Forecasting the Mechanical Properties of Plastic Concrete Employing Experimental Data Using Machine Learning Algorithms: DT, MLPNN, SVM, and RF

Increased population necessitates an expansion of infrastructure and urbanization, resulting in growth in the construction industry. A rise in population also results in an increased plastic waste, globally. Recycling plastic waste is a global concern. Utilization of plastic waste in concrete can be an optimal solution from recycling perspective in construction industry. As environmental issues continue to grow, the development of predictive machine learning models is critical. Thus, this study aims to create modelling tools for estimating the compressive and tensile strengths of plastic concrete. For predicting the strength of concrete produced with plastic waste, this research integrates machine learning algorithms (individual and ensemble techniques), including bagging and adaptive boosting by including weak learners.
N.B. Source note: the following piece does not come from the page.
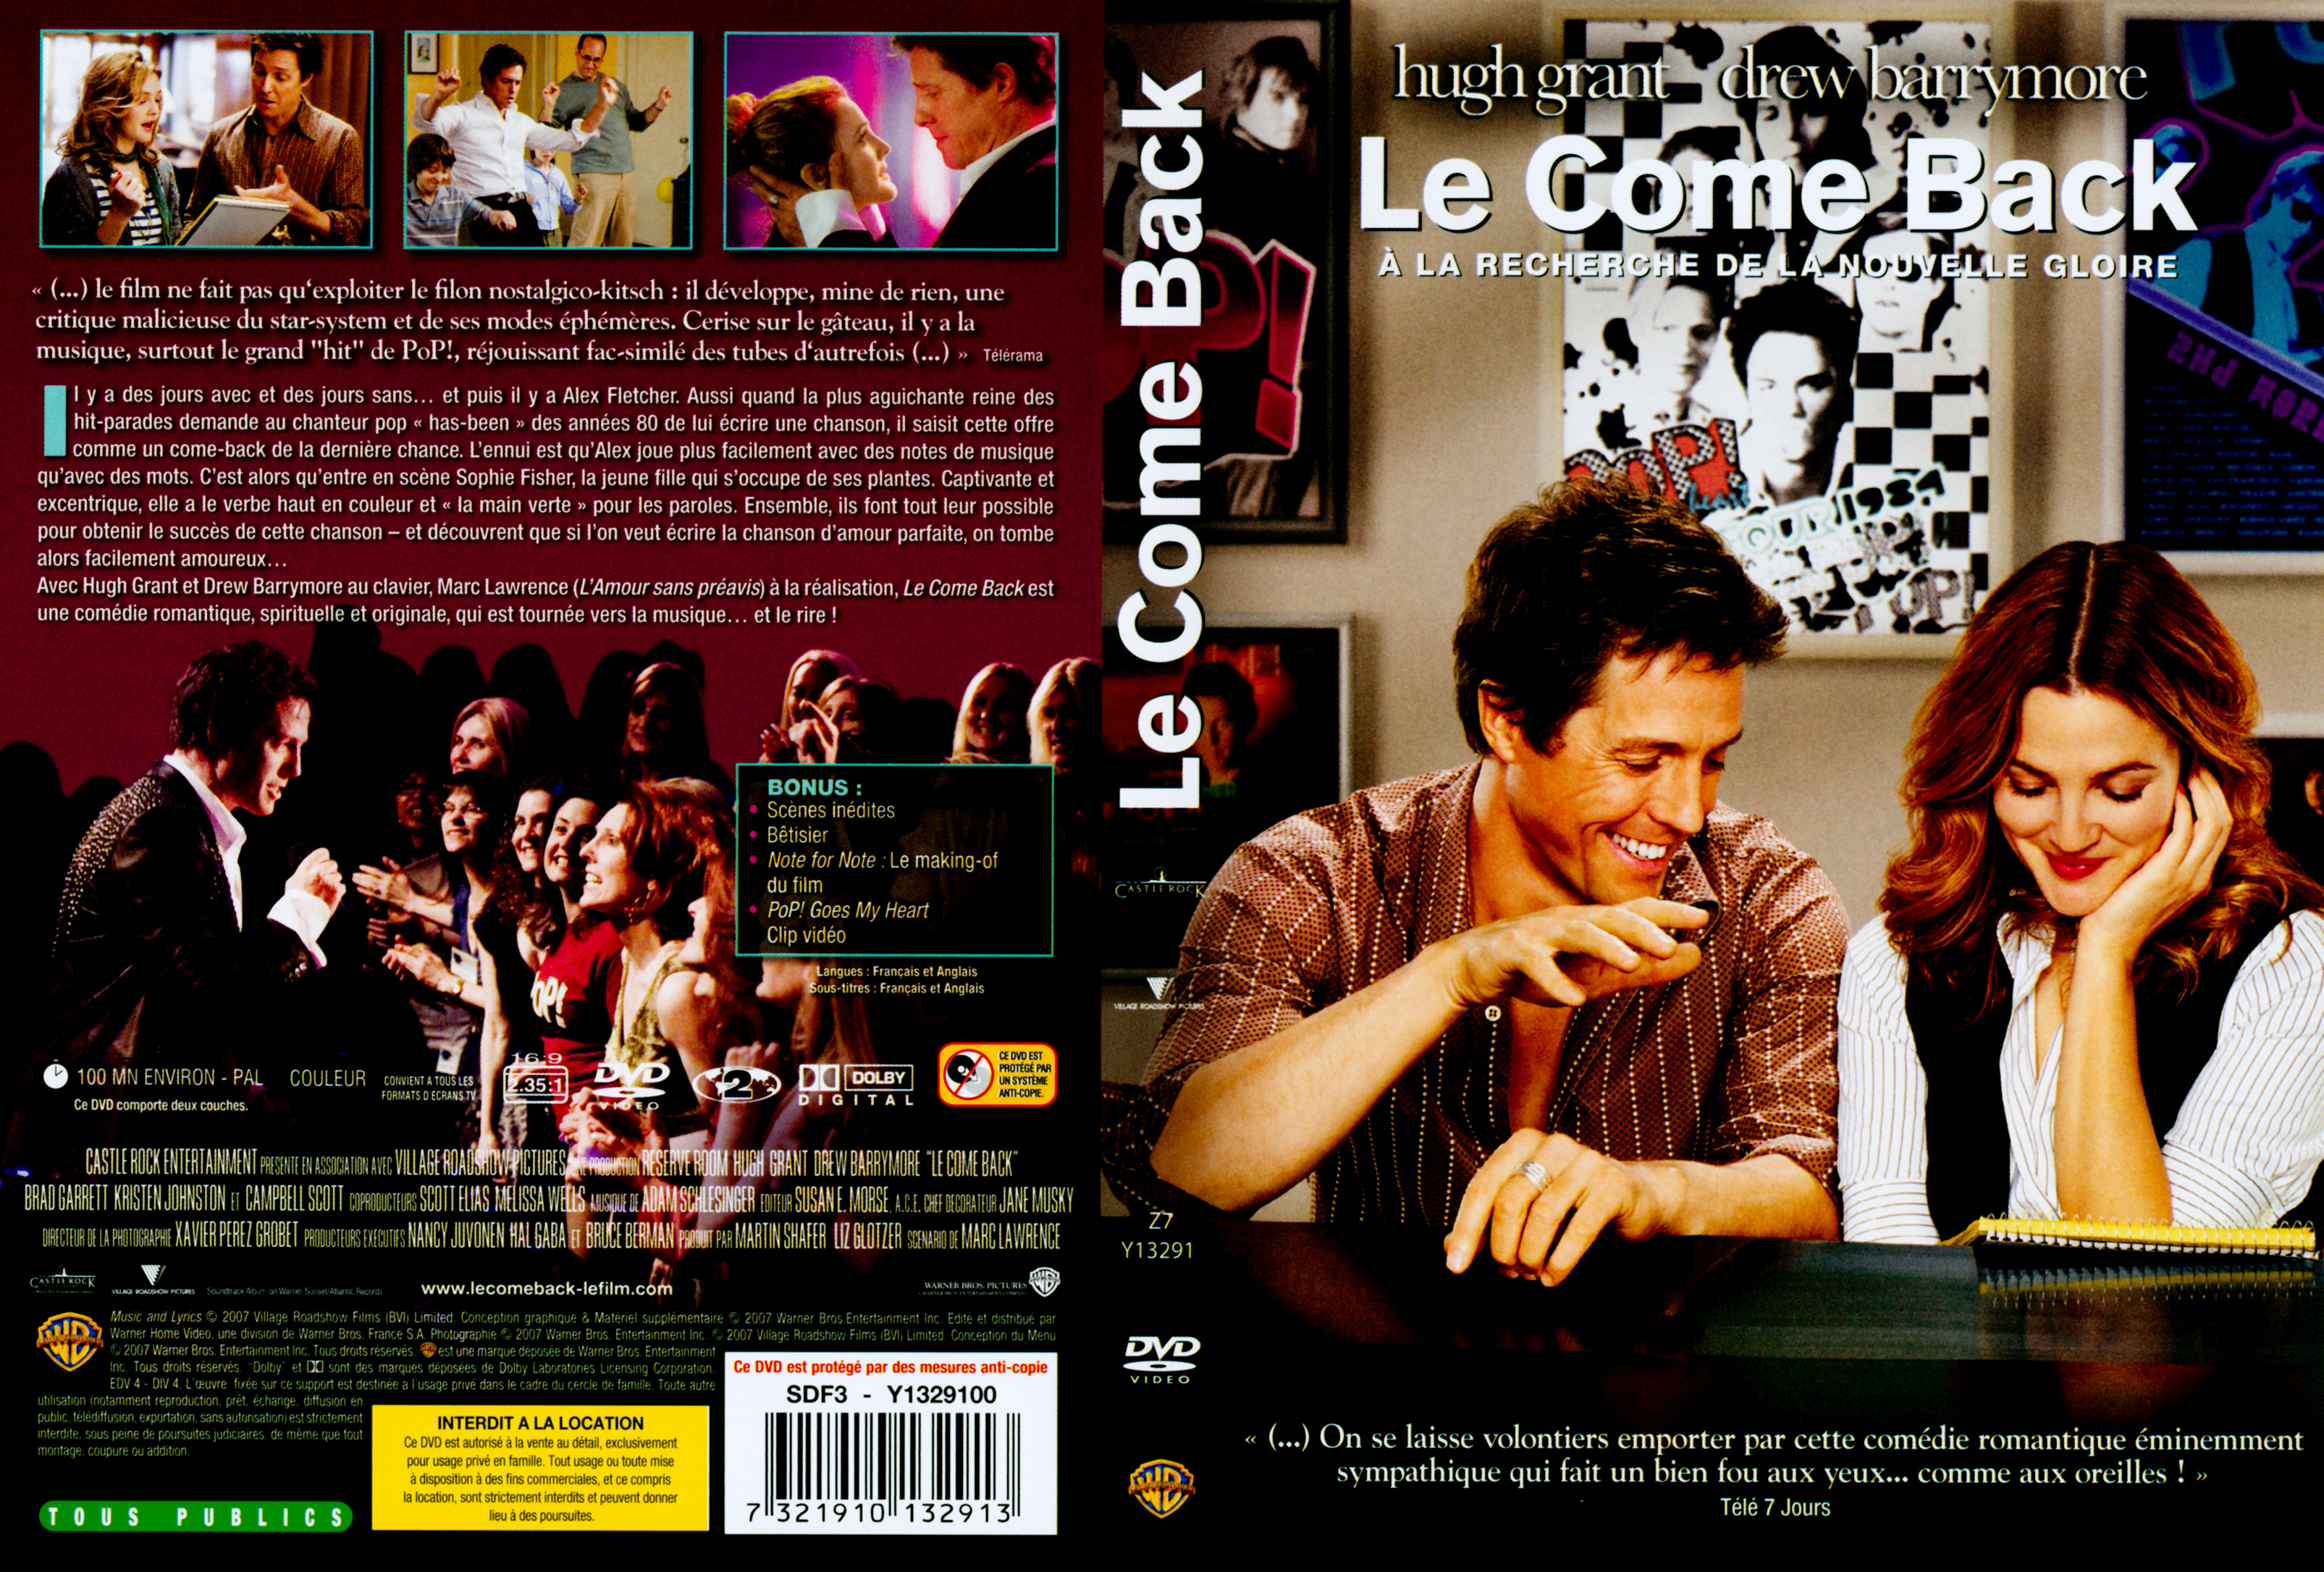 Jaquette DVD Le come back v2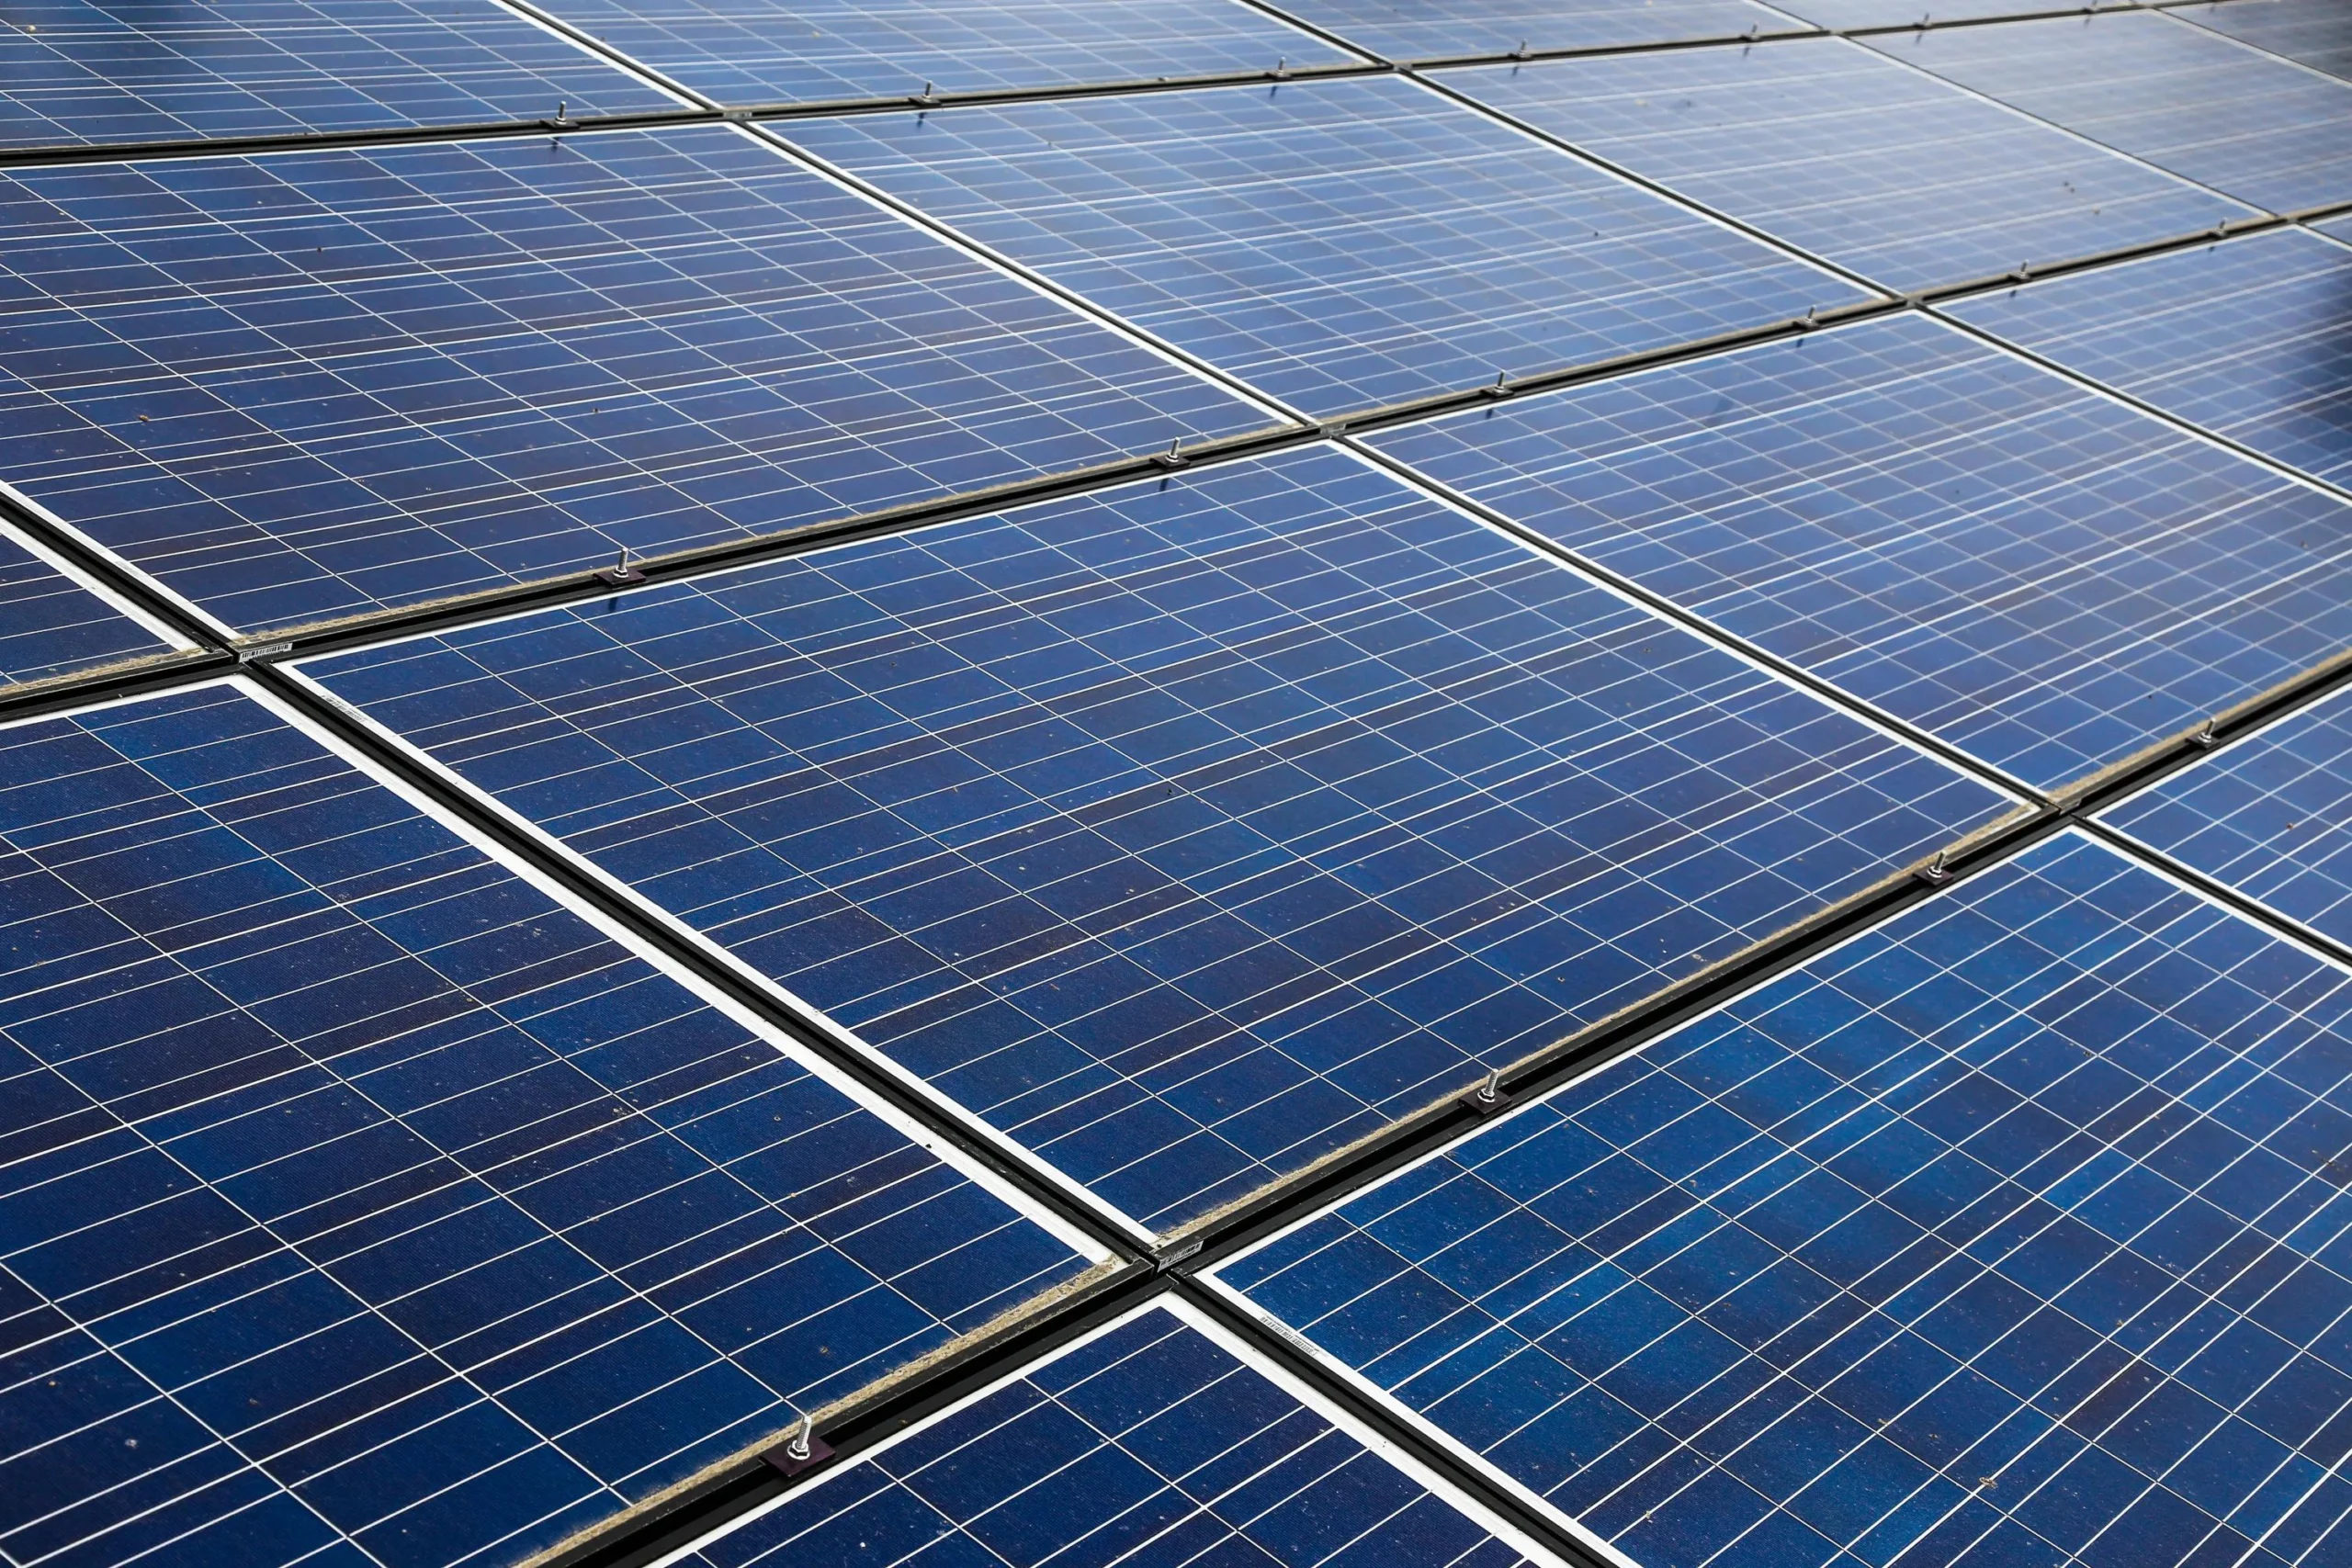 perovskite solar panels - What are the drawbacks of perovskite solar cells

For predicting the mechanical properties, 80 cylinders for compressive strength and 80 cylinders for split tensile strength were casted and tested with varying percentages of irradiated plastic waste, either as of cement or fine aggregate replacement. In addition, a thorough and reliable database, including 320 compressive strength tests and 320 split tensile strength tests, was generated from existing literature. Individual, bagging and adaptive boosting models of decision tree, multilayer perceptron neural network, and support vector machines were developed and compared with modified learner model of random forest. The results implied that individual model response was enriched by utilizing bagging and boosting learners. A random forest with a modified learner algorithm provided the robust performance of the models with coefficient correlation of 0.932 for compressive strength and 0.86 for split tensile strength with the least errors. Sensitivity analyses showed that tensile strength models were least sensitive to water and coarse aggregates, while cement, silica fume, coarse aggregate, and age have a substantial effect on compressive strength models. To minimize overfitting errors and corroborate the generalized modelling result, a cross-validation K-Fold technique was used. Machine learning algorithms are used to predict mechanical properties of plastic concrete to promote sustainability in construction industry.